One of the other cool new logs, as it relates to servicing, is the new sessions.xml log. Located in the \Windows\servicing\sessions directory, its a log of all of the different transactions that happen on the machine from a servicing perspective. A small snippet of a log is seen below:
- <Session version="1.0" id="30018265_436341867" client="WindowsUpdateAgent" options="816" currentPhase="1" lastSuccessfulState="Complete" pendingFollower="false" retry="true" Queued="2009/07/22/10:31:30" Started="2009/07/22/10:31:32" Complete="2009/07/22/10:31:45" status="0x0">
- <Phase seq="1">
<package id="Package_for_KB972636~31bf3856ad364e35~amd64~~220.127.116.11" name="KB972636" targetState="Installed" options="4" />
- <Phase seq="1" rebootRequired="false" Resolved="2009/07/22/10:31:38" Staged="2009/07/22/10:31:39" Installed="2009/07/22/10:31:44">
<Resolve package="Package_1_for_KB972636~31bf3856ad364e35~amd64~~18.104.22.168" update="972636-1_neutral_LDR" />
<Stage package="Package_1_for_KB972636~31bf3856ad364e35~amd64~~22.214.171.124" update="972636-1_neutral_LDR" />
<Install package="Package_1_for_KB972636~31bf3856ad364e35~amd64~~126.96.36.199" update="972636-1_neutral_LDR" />
Because this is log is in XML, you can collapse all but the transactions that you are interested in seeing. The one thing I like about this log is that it tells you exactly what is happening with each package in a particular fix or update.
For example, in the sample above you can see that KB972636 was installed on this machine recently. It was installed by the WindowsUpdate Agent and it did not require a reboot. This is all really good information to know when trying to troubleshoot an issue with servicing in Win7. Using this, you might be able to tell if a particular package didn’t get staged properly.

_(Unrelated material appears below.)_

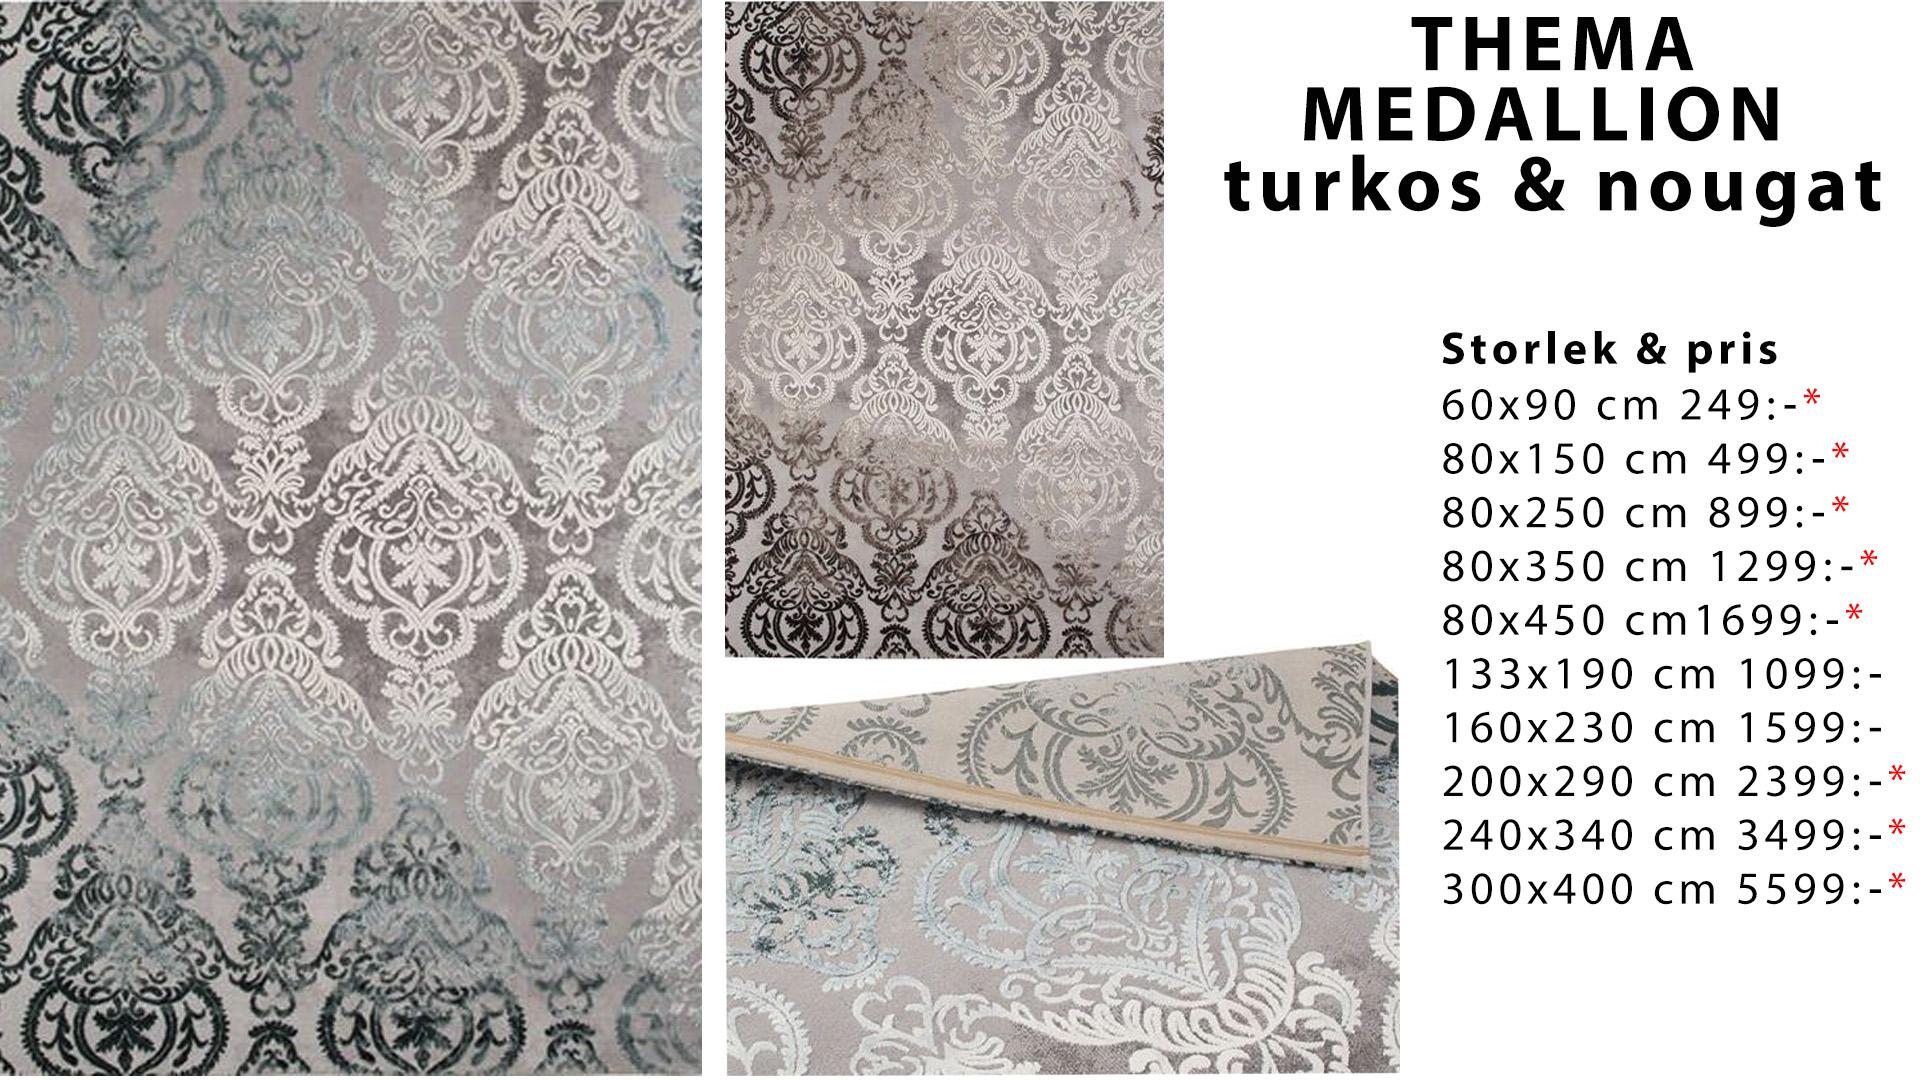 Thema madallion turkos och noughat matta
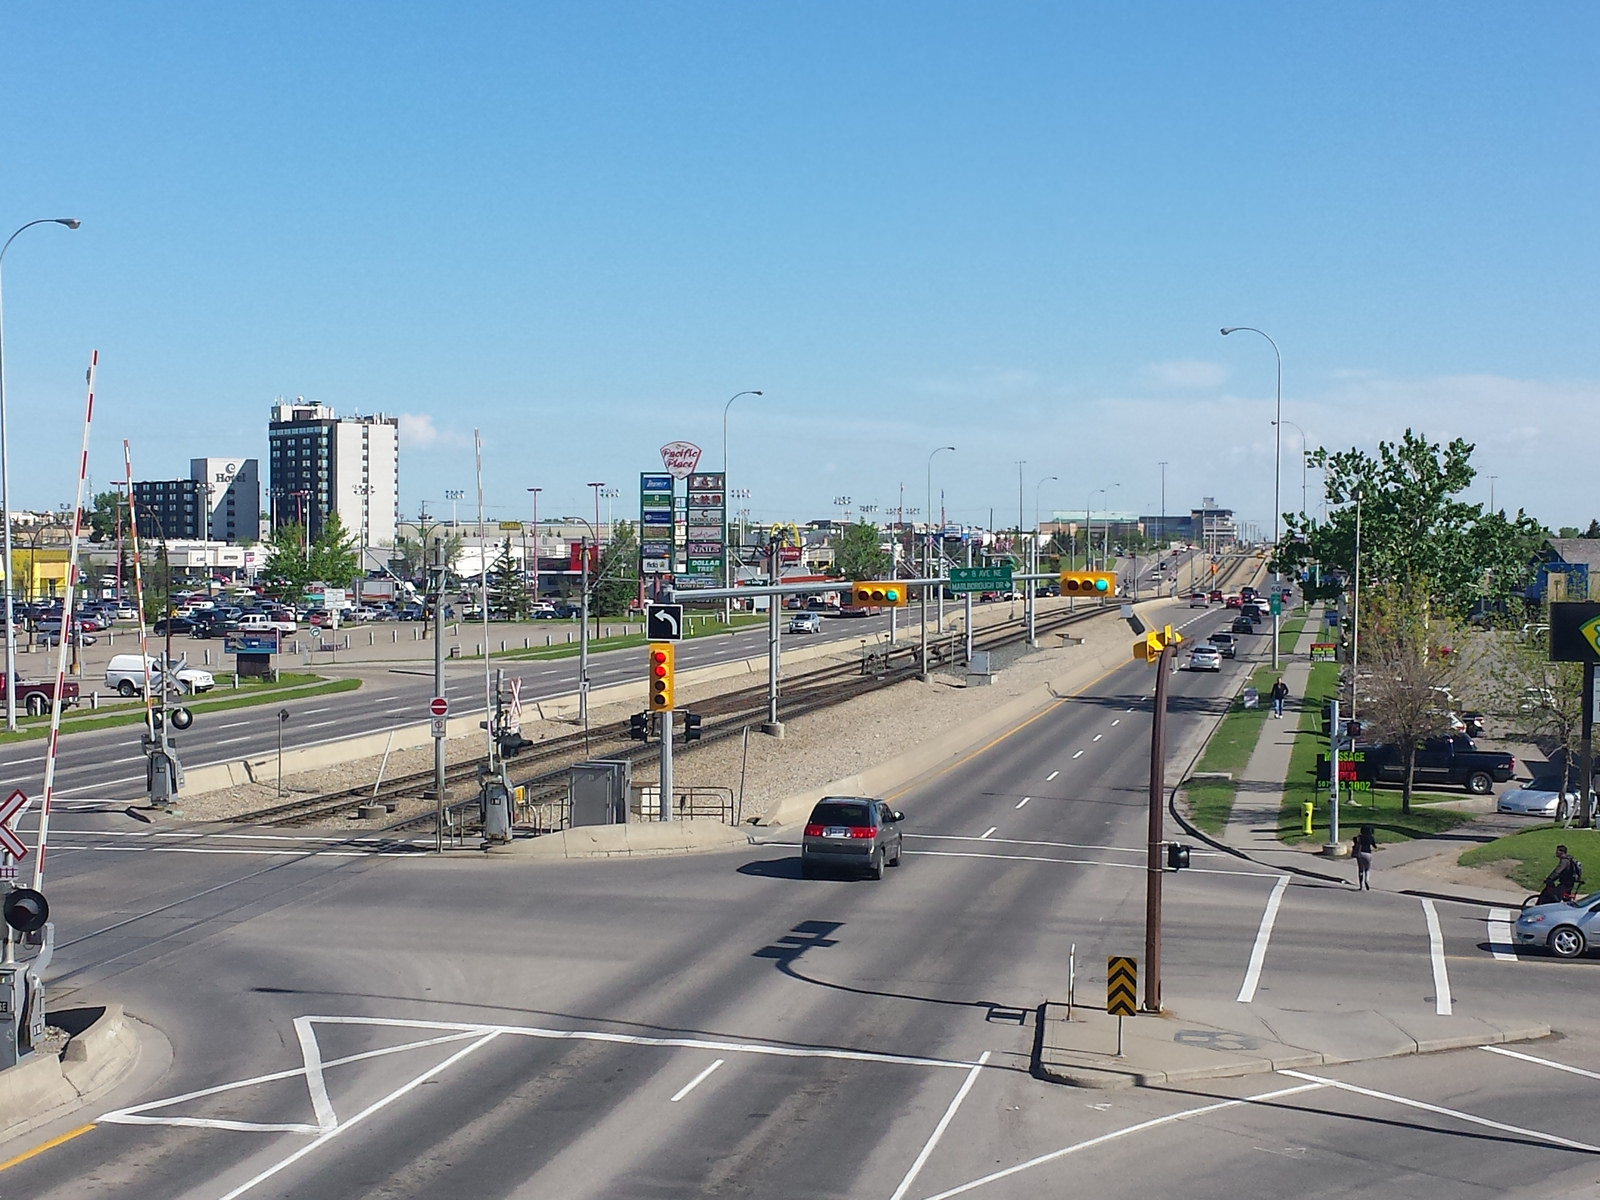 Calgary LRT on 36 St NE - Photo credit: Ryan Harder, Flickr

Or, if a reboot was required and you’re in a reboot loop issue, then you know that you can use the new DISM /revertpendingactions flag and roll yourself back.
During startup or shutdown, when a servicing operation is in progress, the system displays "Installing update X of Y". This always leaves me wondering - "what are these updates?". It would be nice if this sessions.xml data could be piped to the screen in some appropriate format, so the user might have some understanding of what updates were being installed, return codes and reboot required status, etc.
There is a Group Policy to enable verbose startup, shutdown, logon and logoff messages:
My request is there be an equivalent policy for servicing messages. Example name:
Having this extra log file is great, if you know it exists, but the servicing summaries in this xml file could be at least as useful if they were displayed during or at end of a servicing operation. At the very least, having something to read on the screen might decrease the subjective time taken to install.
Thanks for the idea Drew. I like that. I'll see what I can about getting something like that on the radar.
Thanks Joseph. IMO, verbose messaging (of any type), should be enabled by default during any Setup pass, and on any boot cycle that an Administrator is auto-logged-on. Except for the Home SKUs perhaps.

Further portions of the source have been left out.